Russel Howcroft and Nine Radio boss Tom Malone on why media's the most ruthless of Howcroft's career, advertiser age bias and the inside account of Alan Jones' final curtain
Russel Howcroft says media is the most ruthless industry, consulting the most influential but advertising the smartest. Nine Radio’s new boss Tom Malone, meanwhile, spills the beans on how Howcroft left PwC to join 3AW’s breakfast slot and the overhaul he’s unleashed at Nine Radio to skew younger and address advertiser bias against older, lucrative audiences in radio. Malone says it's a 10 year plan of regeneration, so no freak-outs when the first radio ratings since COVID land later this month. He tells a very different story around Alan Jones and his exit from 2GB and argues advertisers need to drop 25-54 demos and follow the money to higher-spending 35-65 year olds - can commonsense prevail?
Walking the talk
Of all the industries he has experienced, former Y&R brands CEO, Network Ten executive general manager and PwC chief creative officer Russel Howcroft says media is the most ruthless. So he only has himself to blame for jumping into the hot seat at 3AW, with Nine wielding cold steel since taking full control of Macquarie Radio late last year.
With the “first wave” of surgery now complete, Nine Radio managing director Tom Malone says it’s a case of proving and monitoring results as Nine attempts to retain older audiences (minus some of their favourite big, old names), while attracting a younger generation to talk radio. Not to mention converting media buyers from their apparent FM reverie.
No mean feat, but Malone, a former Today and 60 Minutes producer and latterly Nine’s director of sport, is confident that the plan will survive first contact with the ratings – and ultimately secure a bigger share of brand budgets.

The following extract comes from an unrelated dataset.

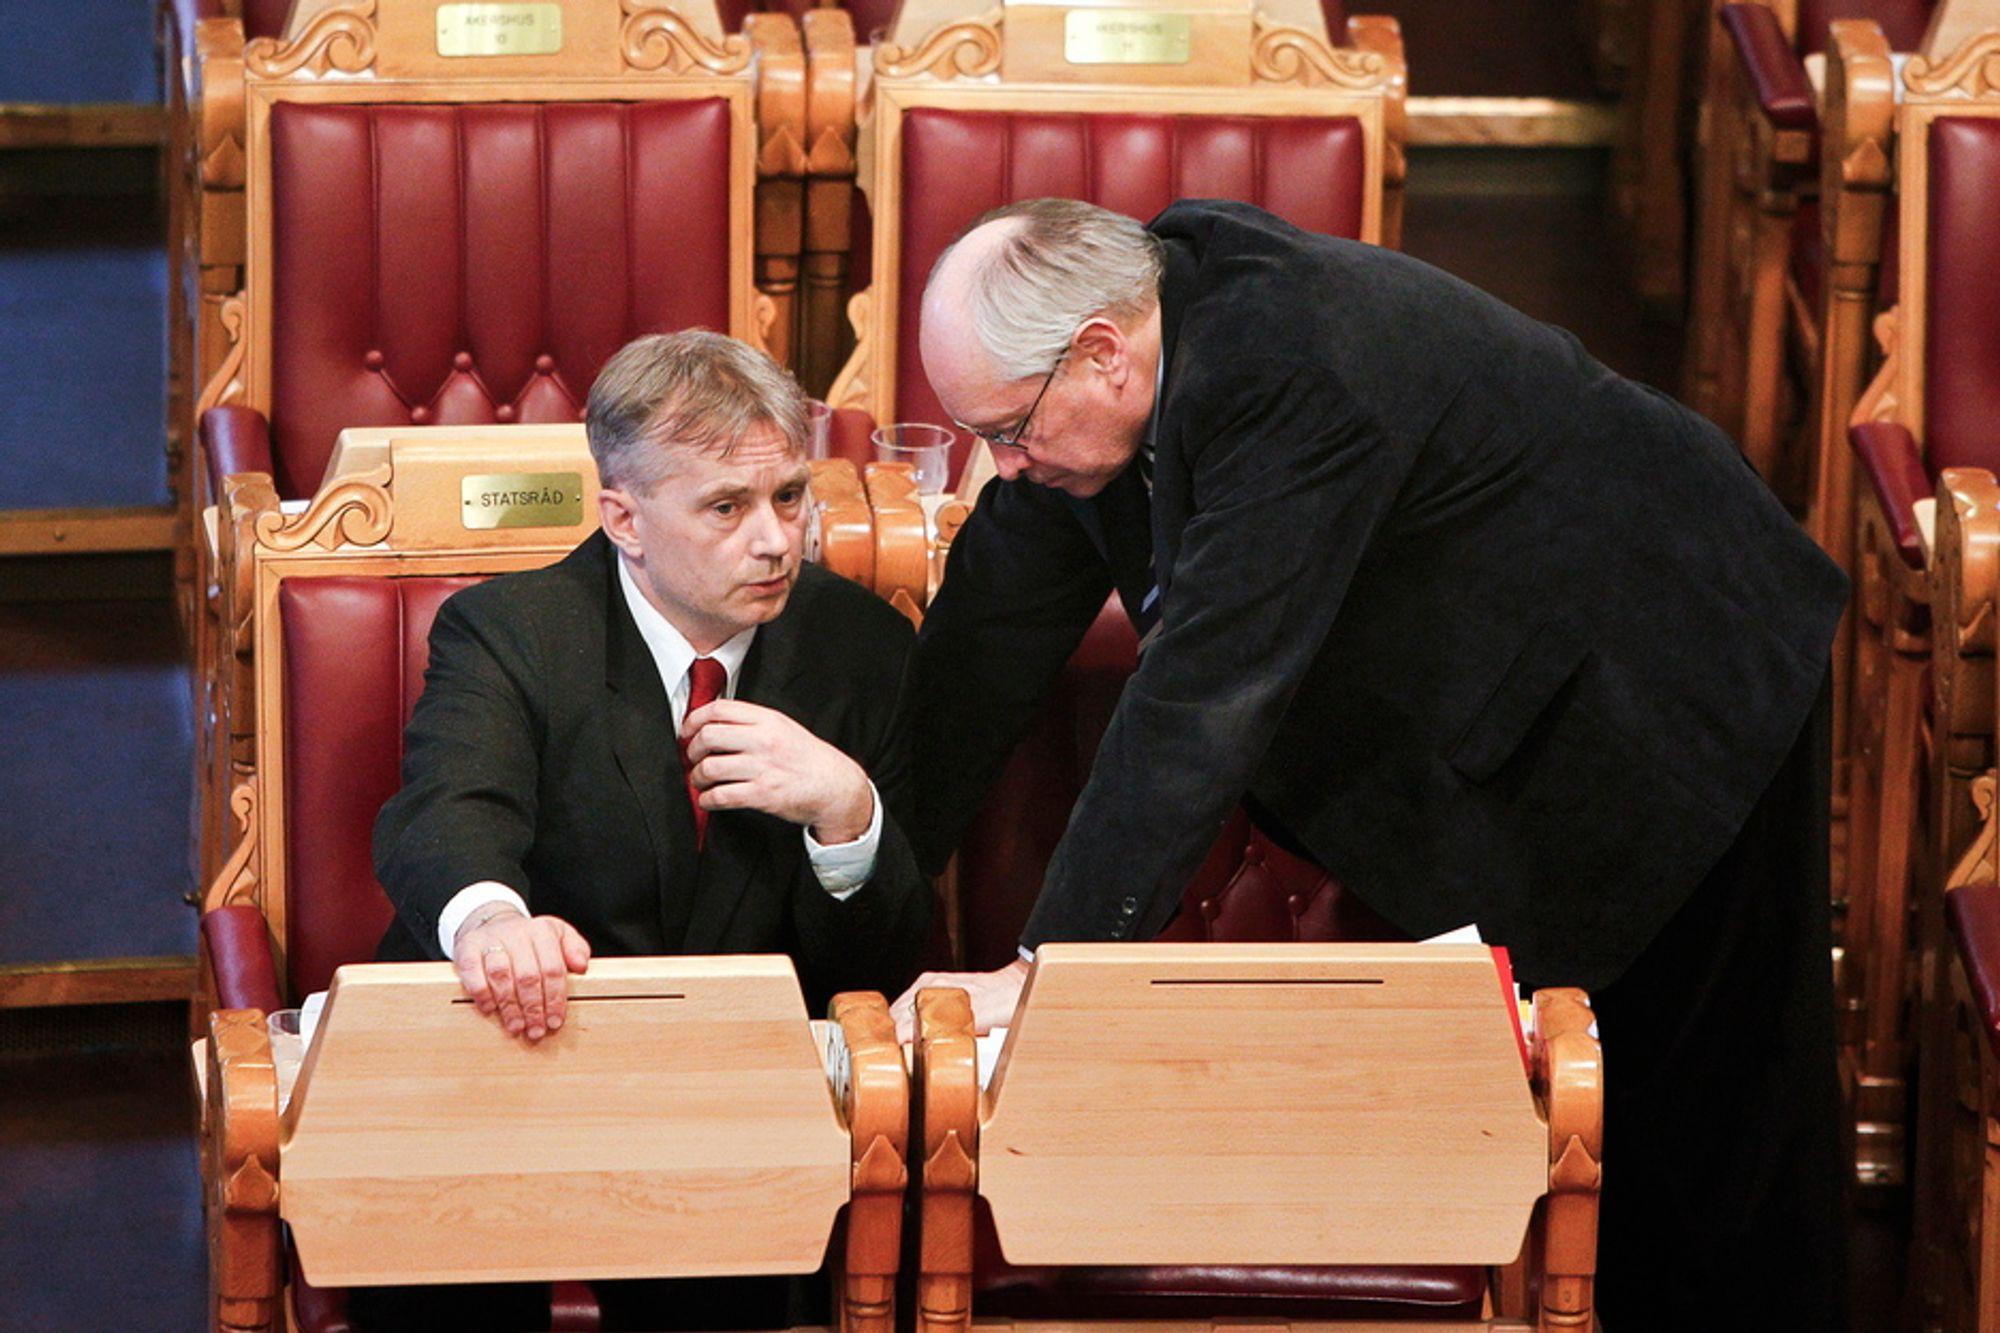 Justisminister Knut Storberget i samtale med Martin Kolberg (Ap) under behandlingen av datalagringsdirektivet i Stortinget mandag kveld.

No stranger to controversial decisions (Malone had a big hand in Nine flicking the cricket for tennis), he does however, want to set the record straight over Alan Jones’ exit.
“When I took over, the first person I went to see was Alan Jones. He was pretty honest. He said, 'listen, Tom, I'm 78. I don't know how long I'll keep doing it. I've got two years to run. Let's see what happens'.”
Alan Jones: The inside story…
Jones, says Malone, neither jumped nor was pushed. Rather than the reported $20m commercial fallout from the Jacinda Ardern “sock” incident, or an aversion to risk from his new employers, Malone suggests time simply caught up with the man who for decades revelled in delivering unfiltered opinion to Sydney’s largest radio audience, and riding out the consequences.
As Malone puts it:
“When I took over, the first person I went and saw was Alan Jones. For 30 years he's been the most important person on the station in terms of his ability to bring in audiences and advertising,” says Malone.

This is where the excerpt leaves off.